EXERCISE PROMPT – From the listing below, output the lines between the one with "Graphic with photos" and the one with "Briogeo Be Gentle, Be", including those two, and nothing else. Pictures are not copied.

AVAILABLE RECORDS –
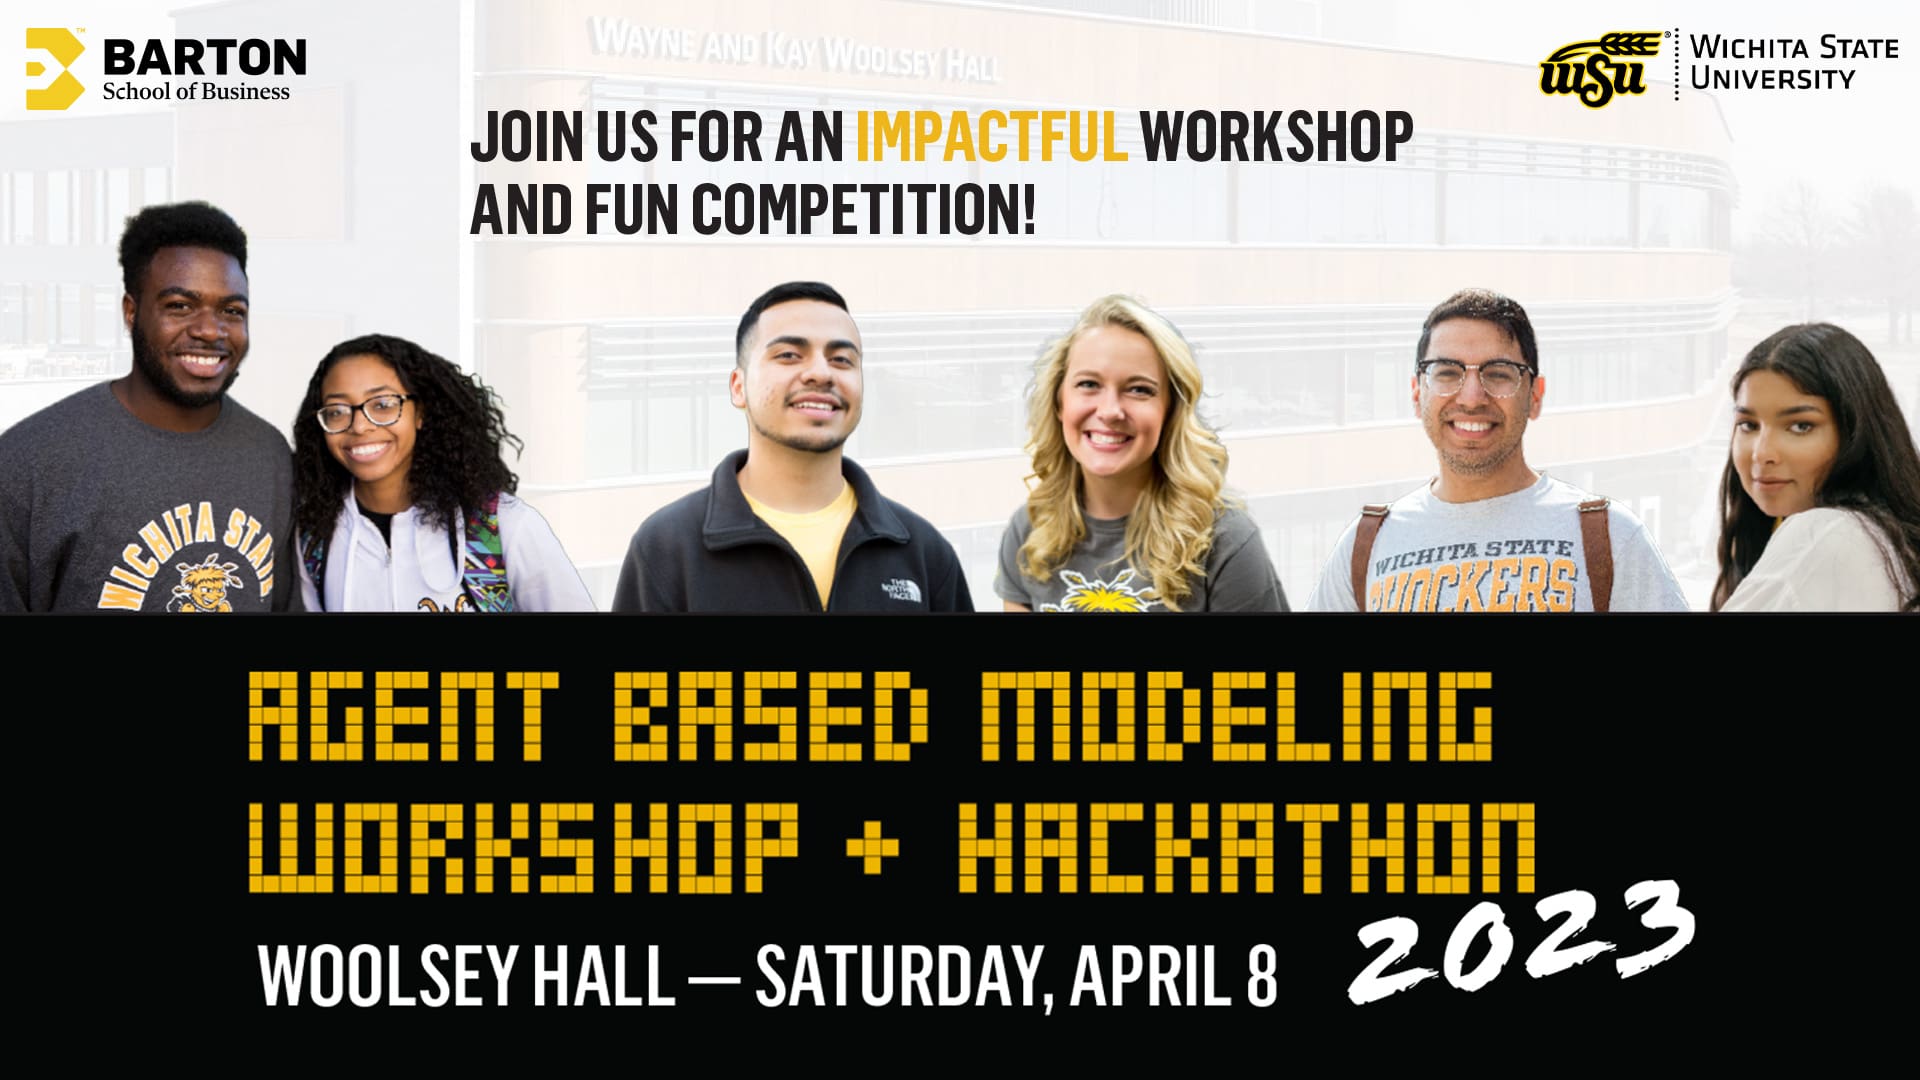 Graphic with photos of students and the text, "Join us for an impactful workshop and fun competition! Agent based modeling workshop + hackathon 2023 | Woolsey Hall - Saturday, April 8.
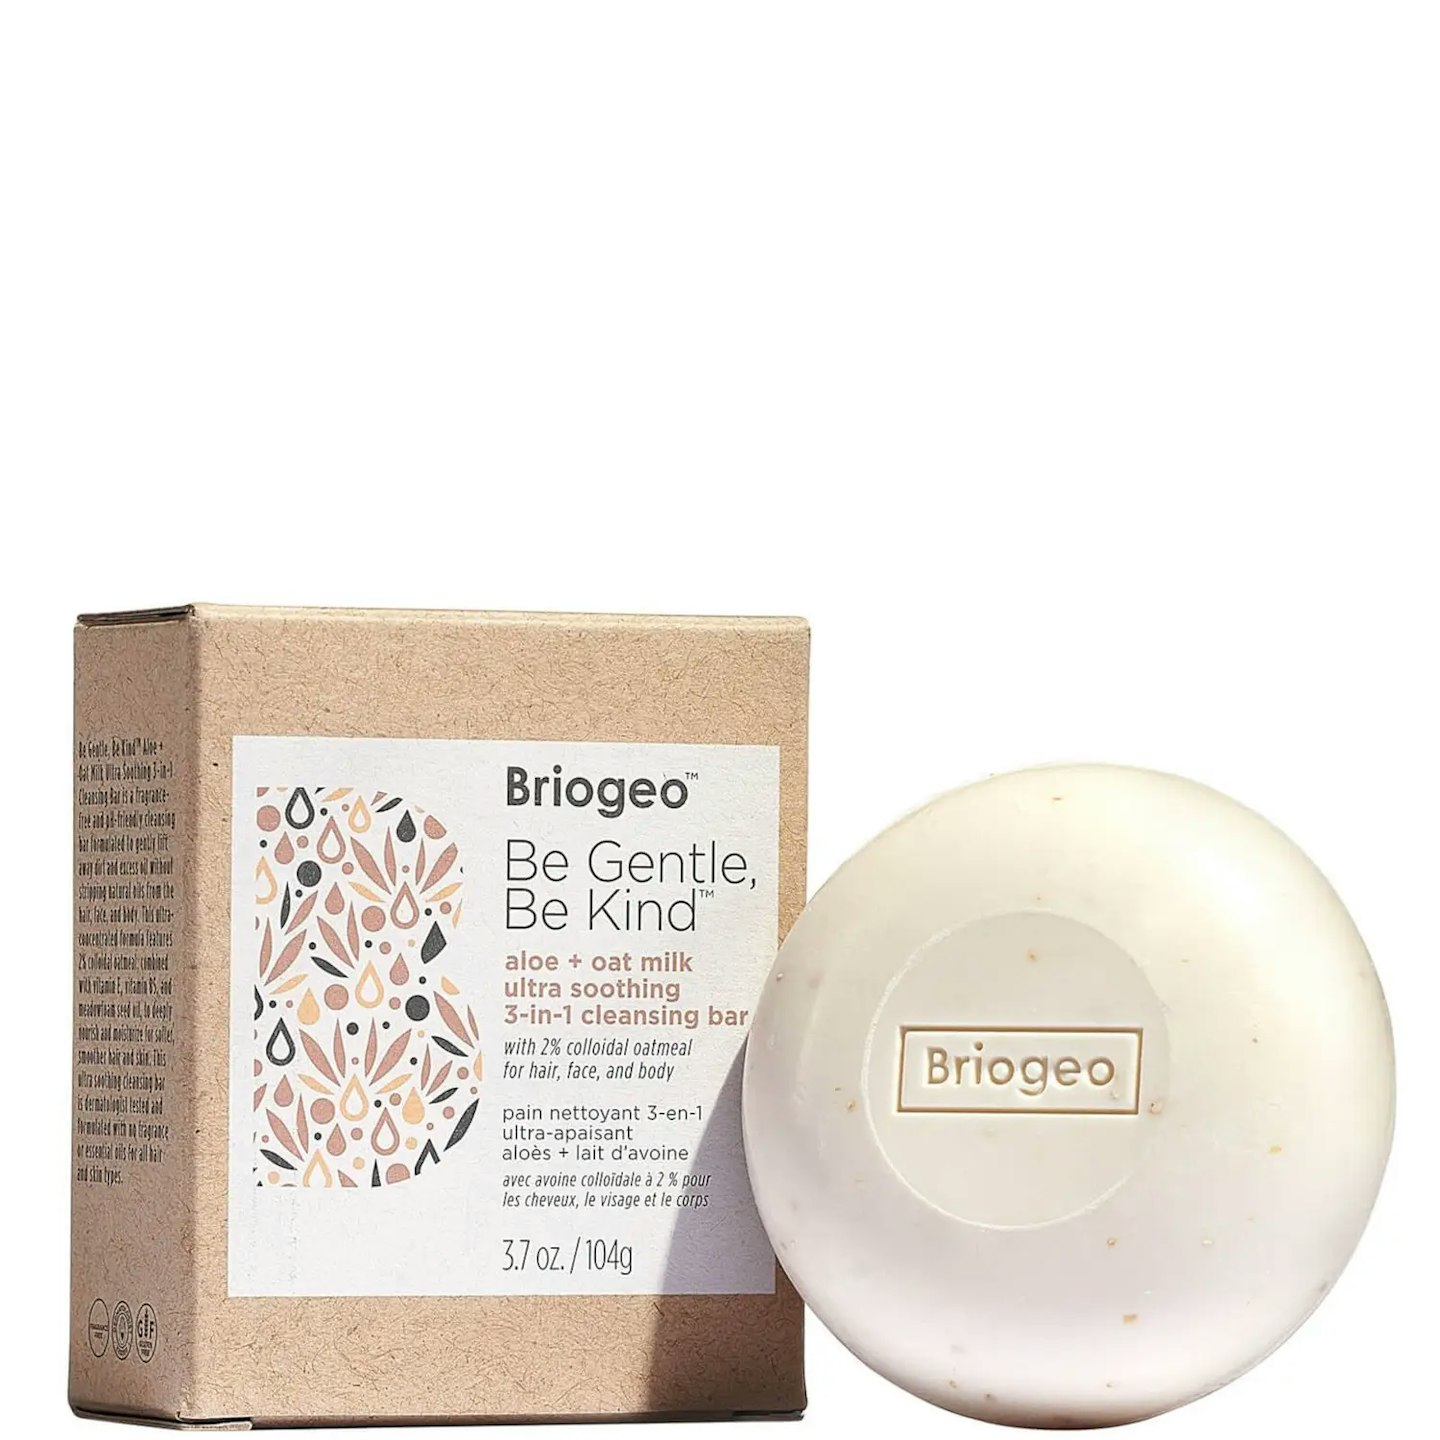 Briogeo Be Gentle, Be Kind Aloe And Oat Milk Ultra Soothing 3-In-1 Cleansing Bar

* * *

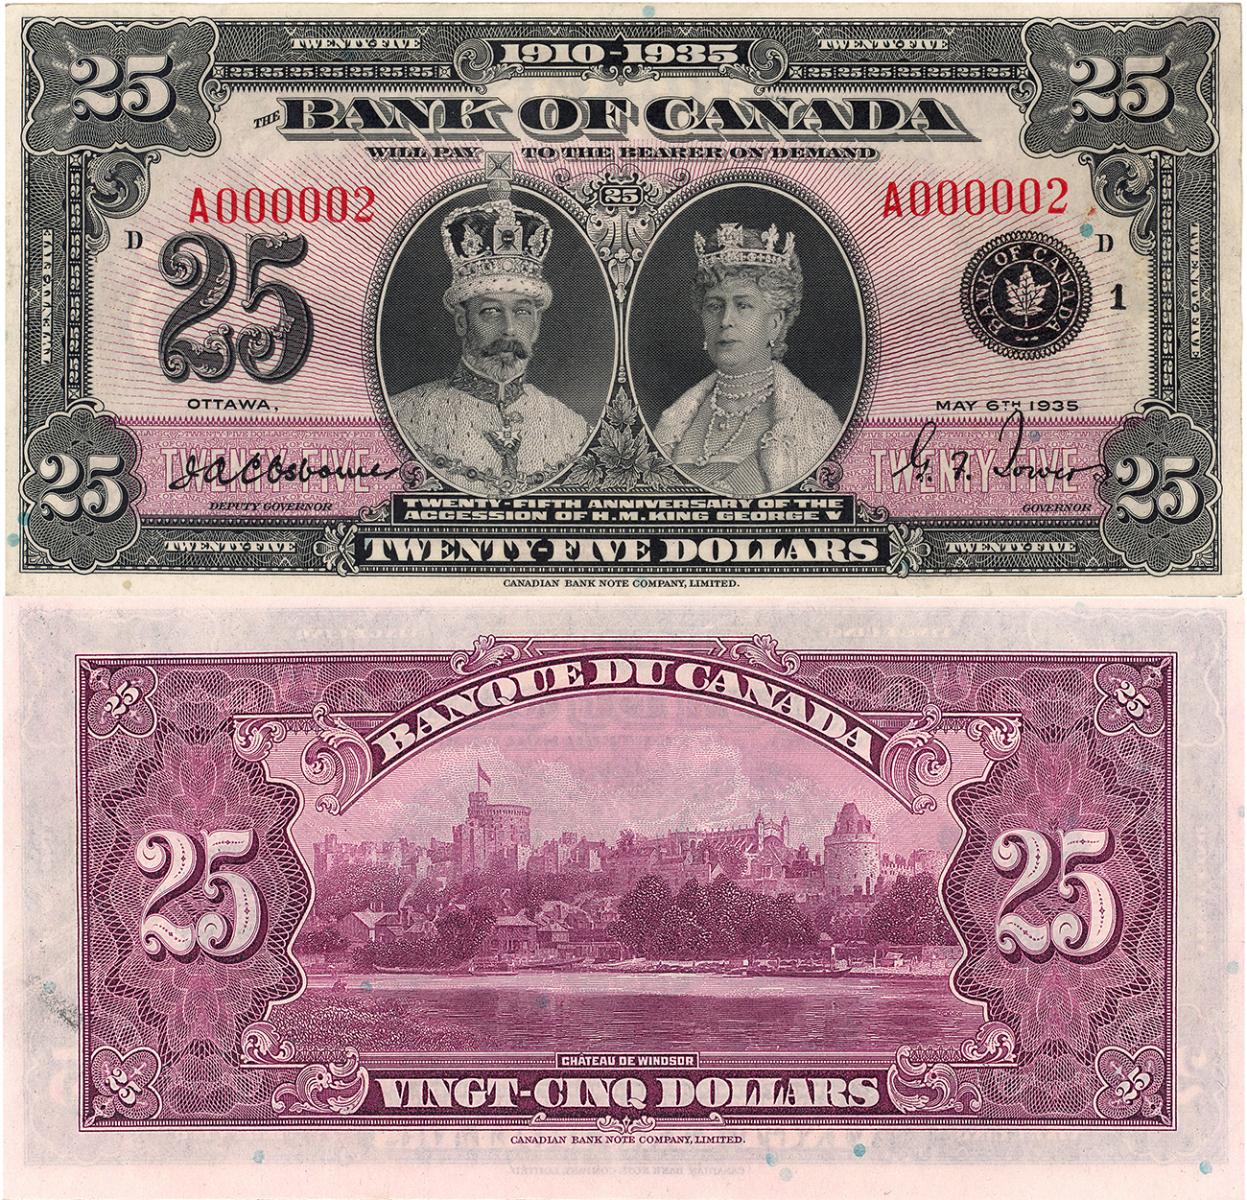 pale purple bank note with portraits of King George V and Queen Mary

RESULT BELOW –
 Graphic with photos of students and the text, "Join us for an impactful workshop and fun competition! Agent based modeling workshop + hackathon 2023 | Woolsey Hall - Saturday, April 8.
 Briogeo Be Gentle, Be Kind Aloe And Oat Milk Ultra Soothing 3-In-1 Cleansing Bar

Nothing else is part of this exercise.